- _The data_
.....
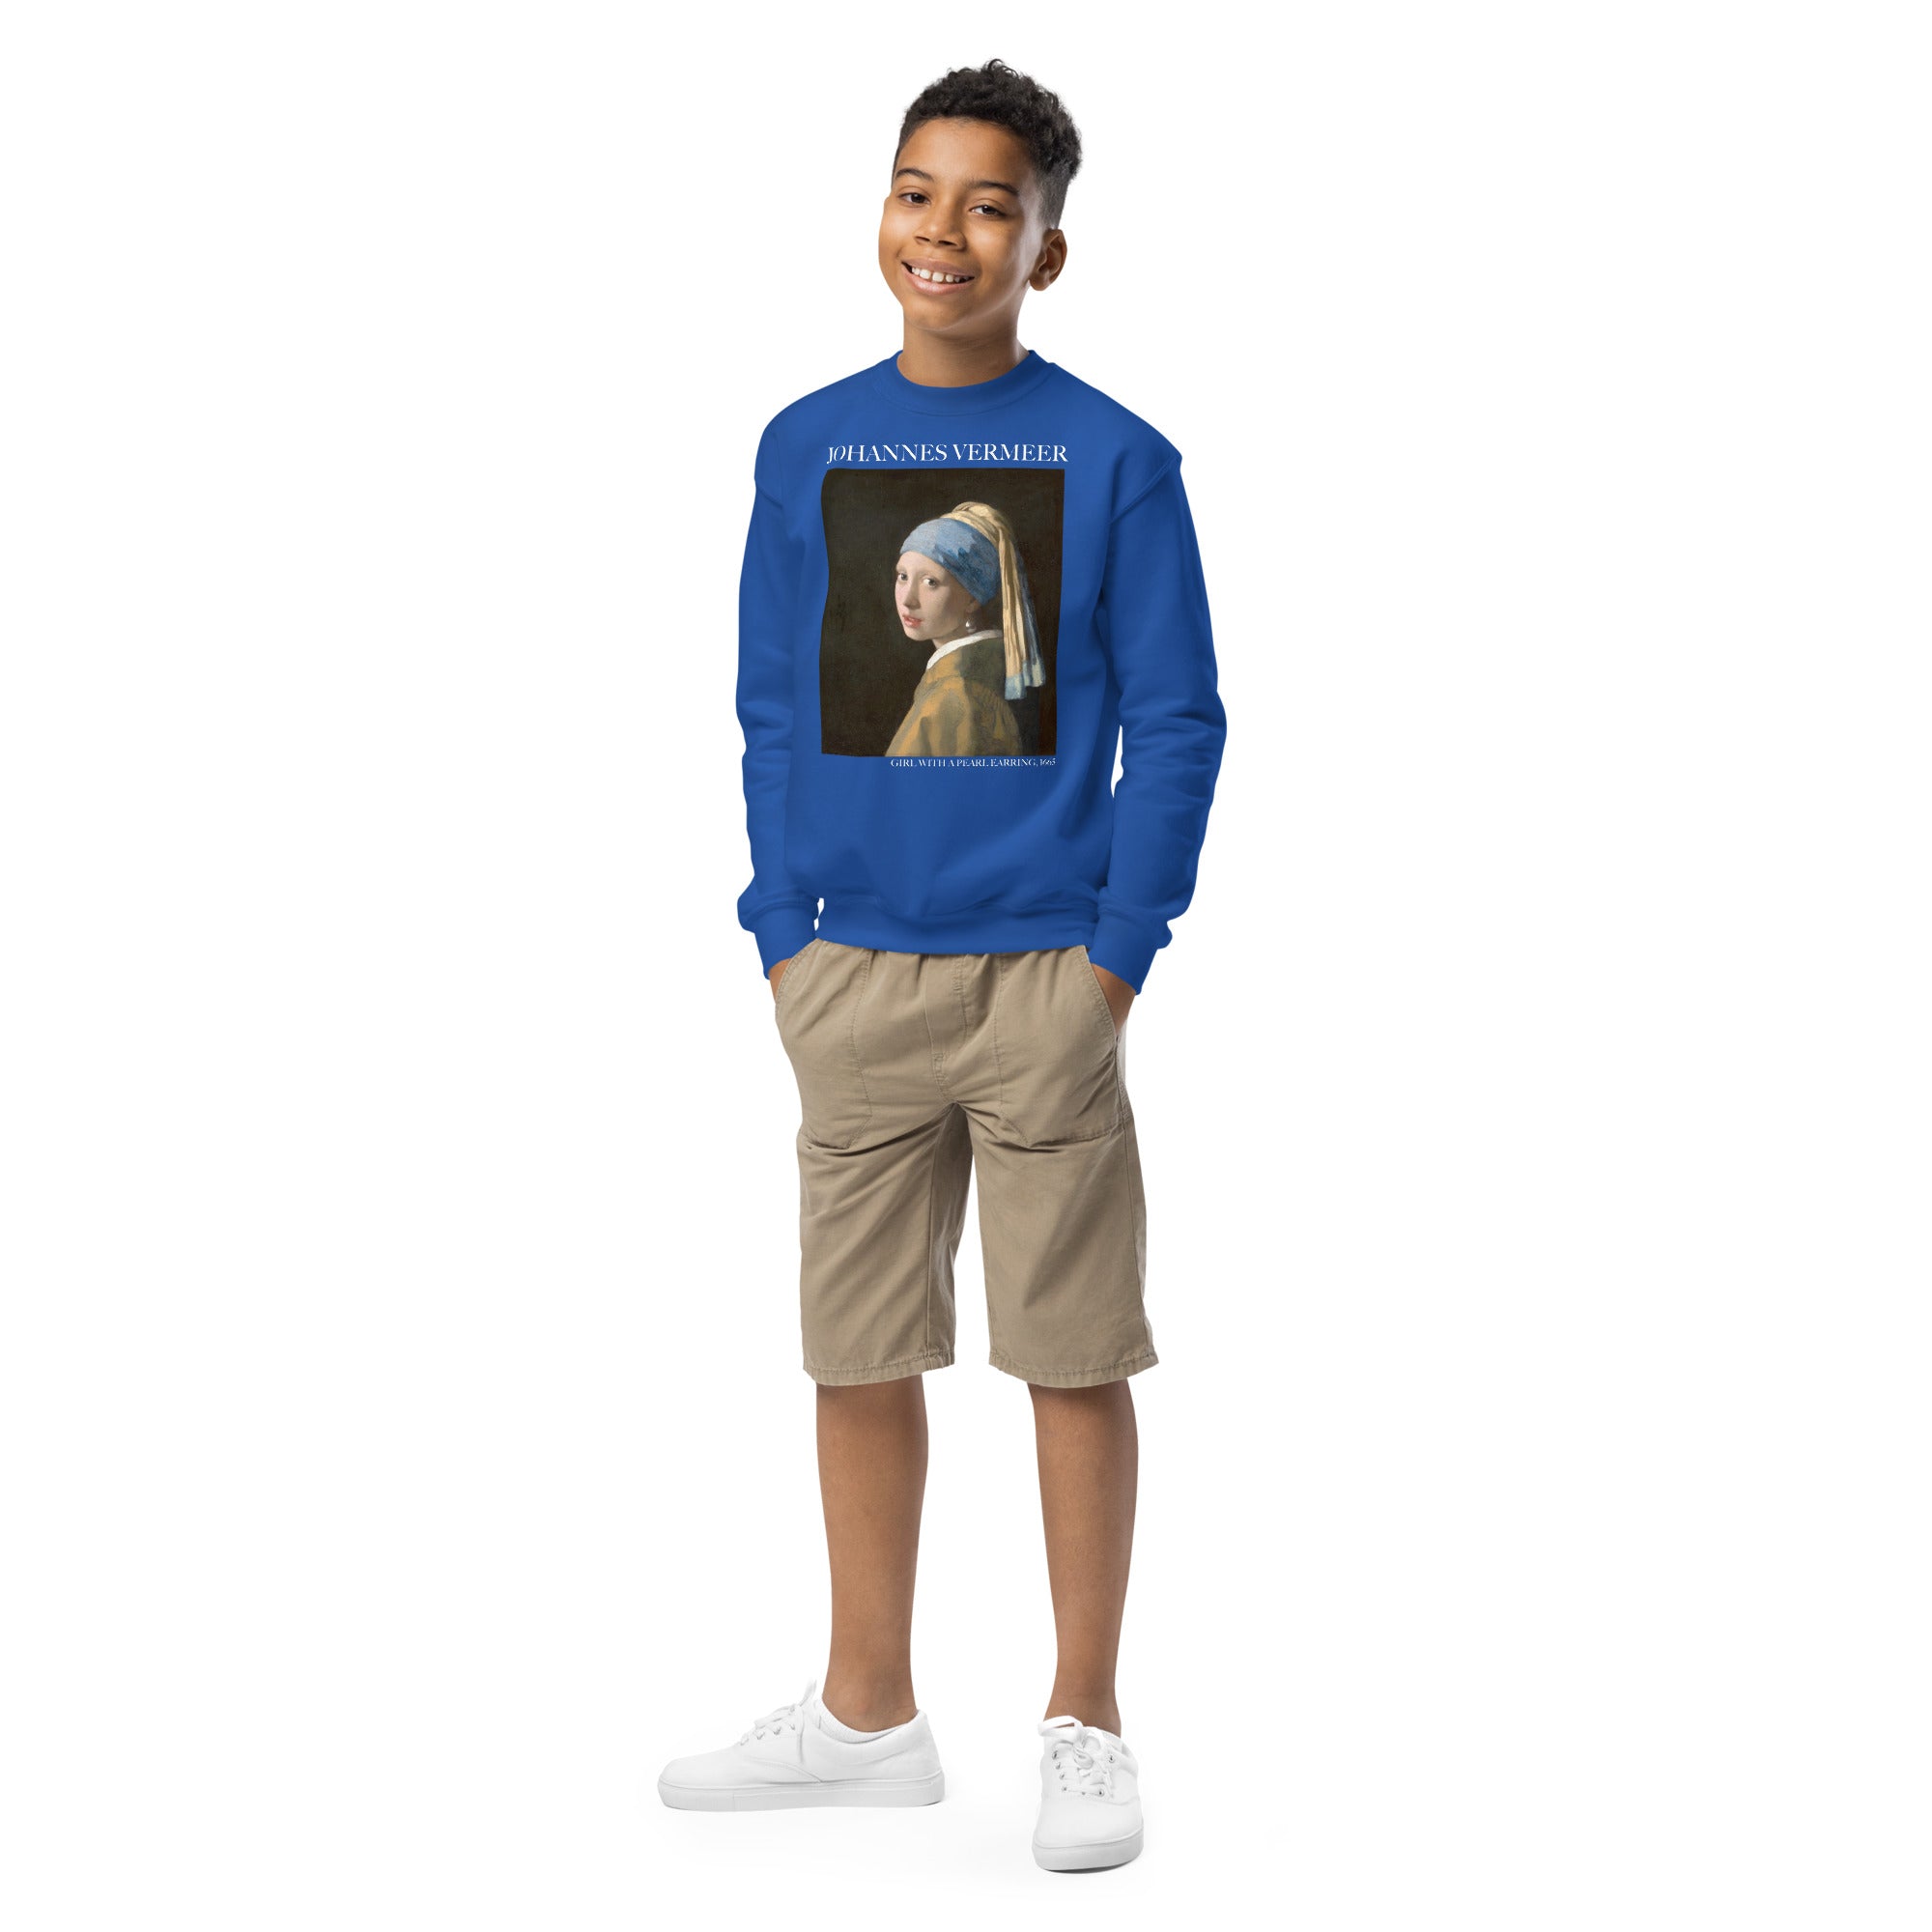 Johannes Vermeer 'Girl with a Pearl Earring' Famous Painting Crewneck Sweatshirt | Premium Youth Art Sweatshirt
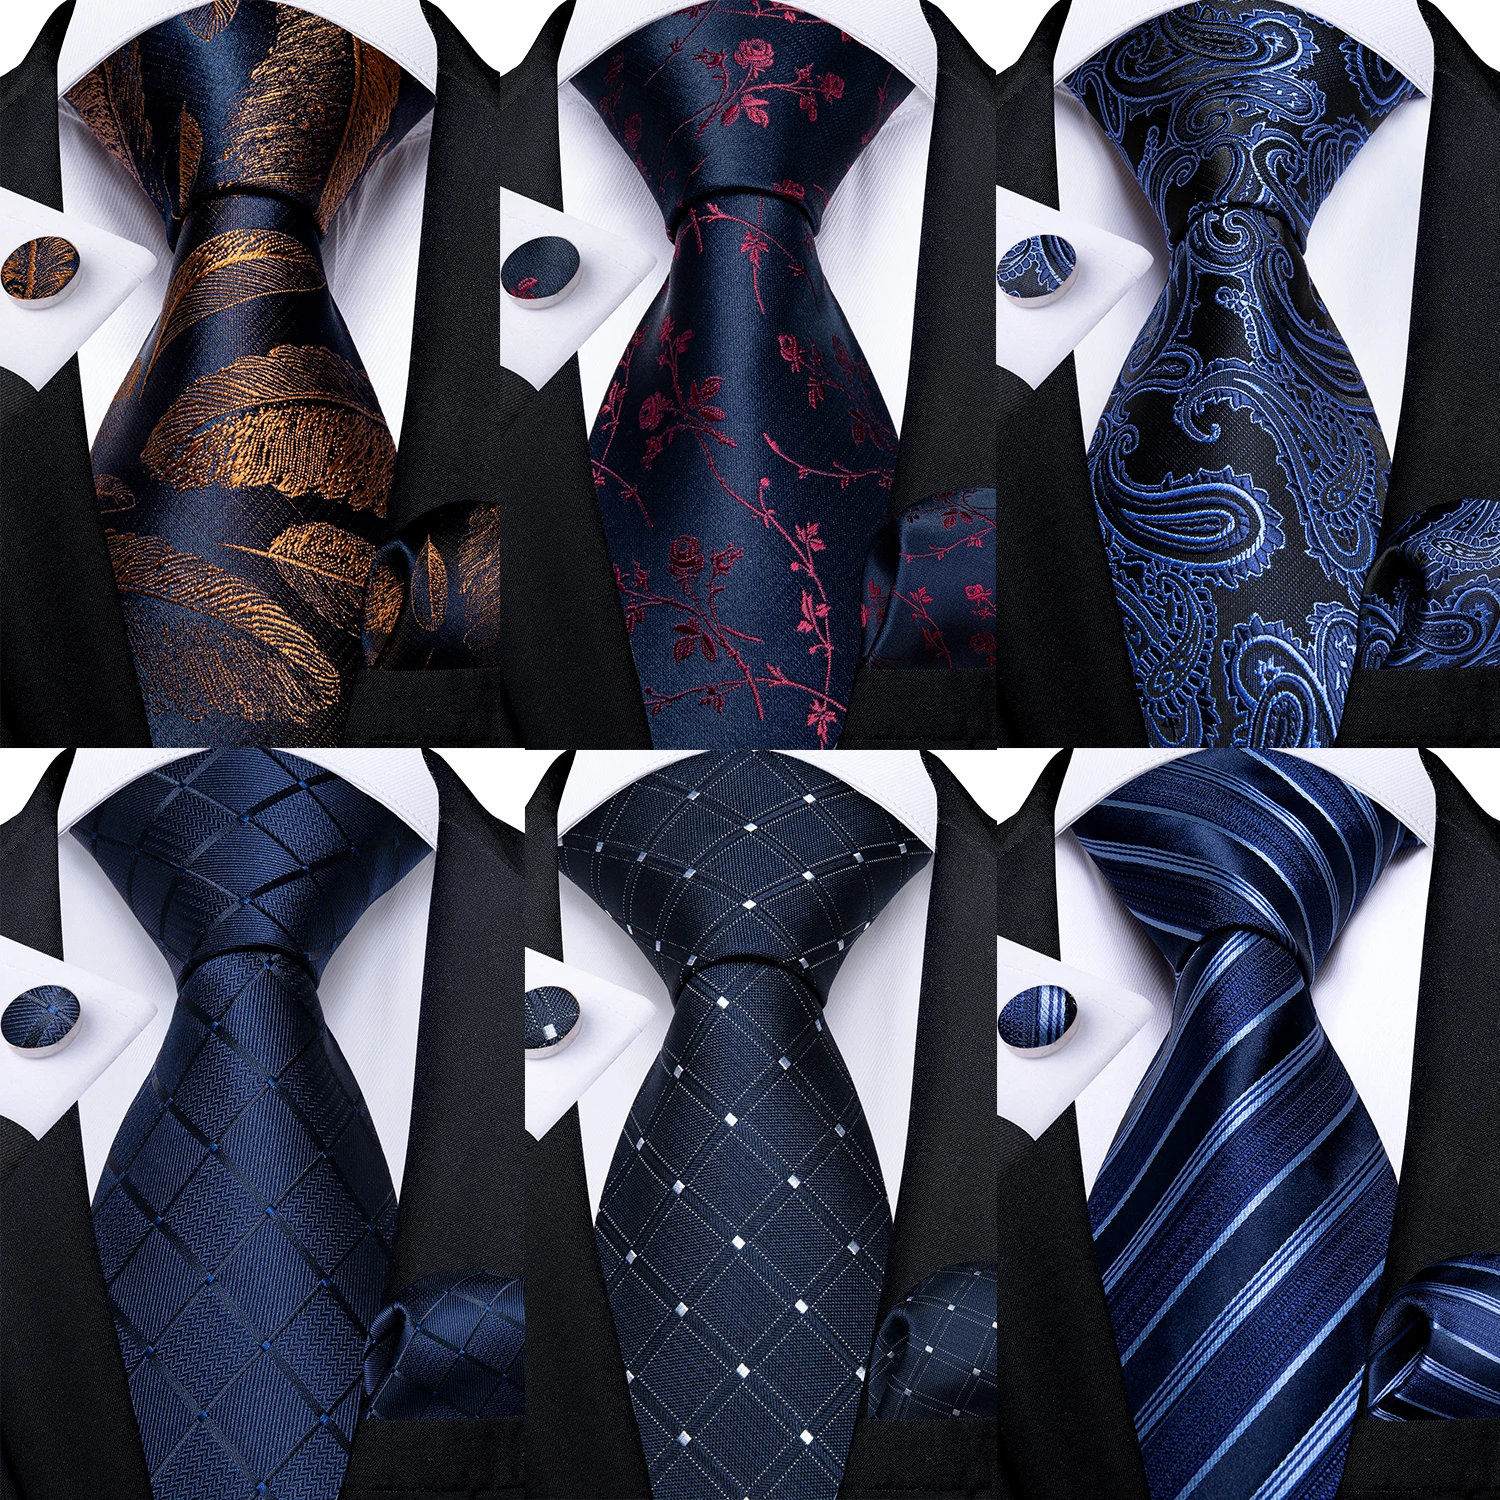 Classic Navy Blue Men's Tie Striped Paisley Floral Necktie Pocket Square Cufflinks Business Tie Set Cravat Gift For Men DiBanGu
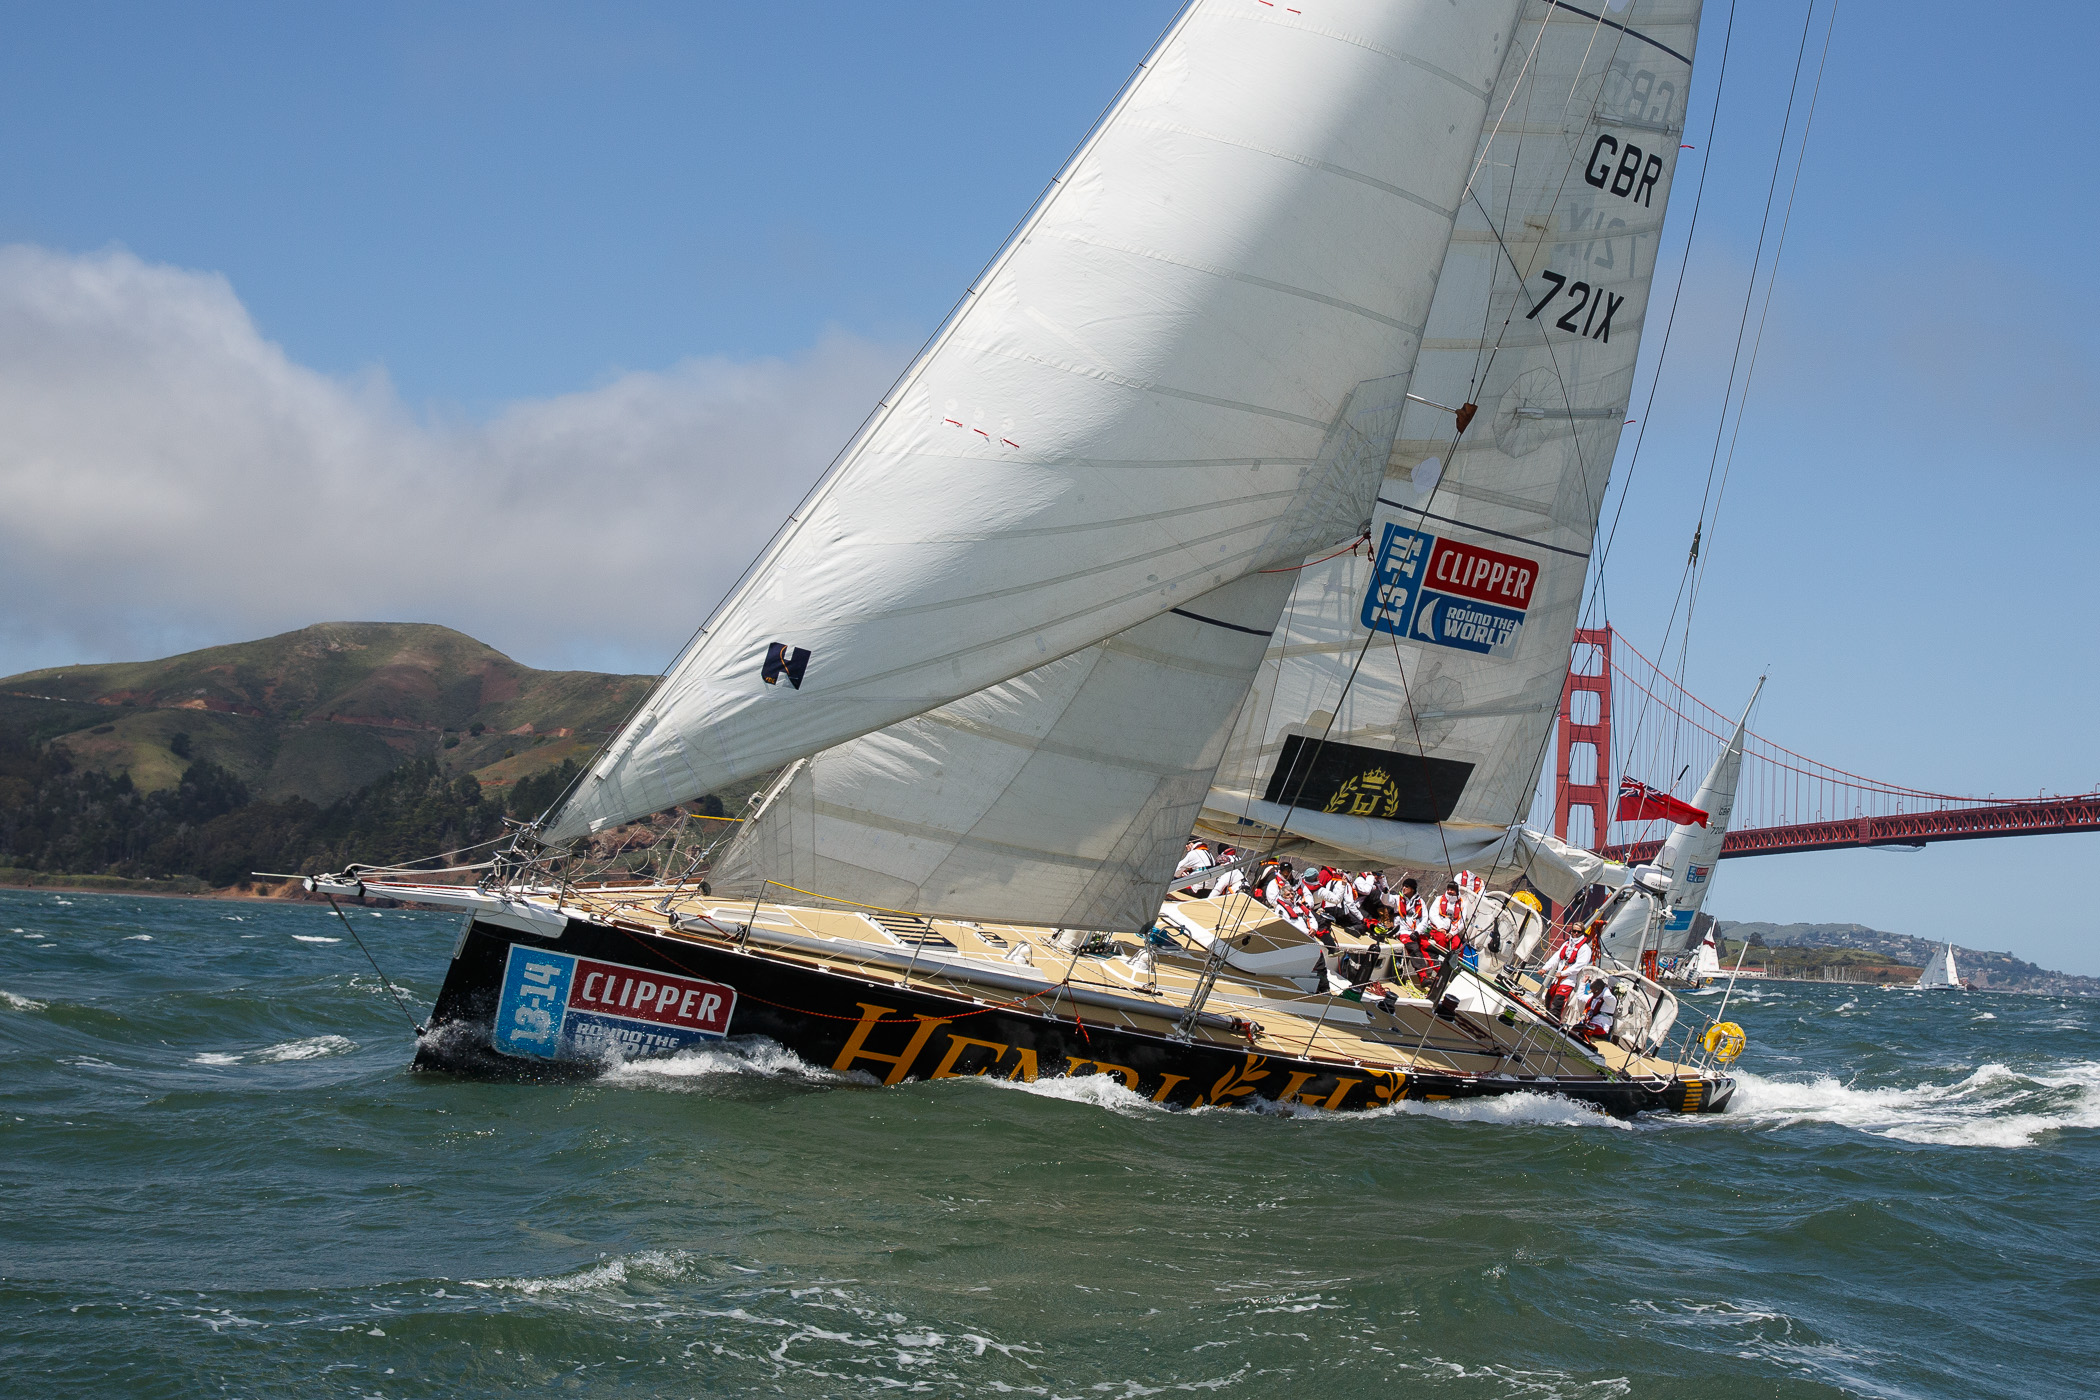 The Henri Lloyd yacht pictured racing under San Francisco's Golden Gate Bridge
.....
- _Exercise details_
Reproduce the listing above exactly, excluding all pictures.

- _Answer section_
 Johannes Vermeer 'Girl with a Pearl Earring' Famous Painting Crewneck Sweatshirt | Premium Youth Art Sweatshirt
 Classic Navy Blue Men's Tie Striped Paisley Floral Necktie Pocket Square Cufflinks Business Tie Set Cravat Gift For Men DiBanGu
 The Henri Lloyd yacht pictured racing under San Francisco's Golden Gate Bridge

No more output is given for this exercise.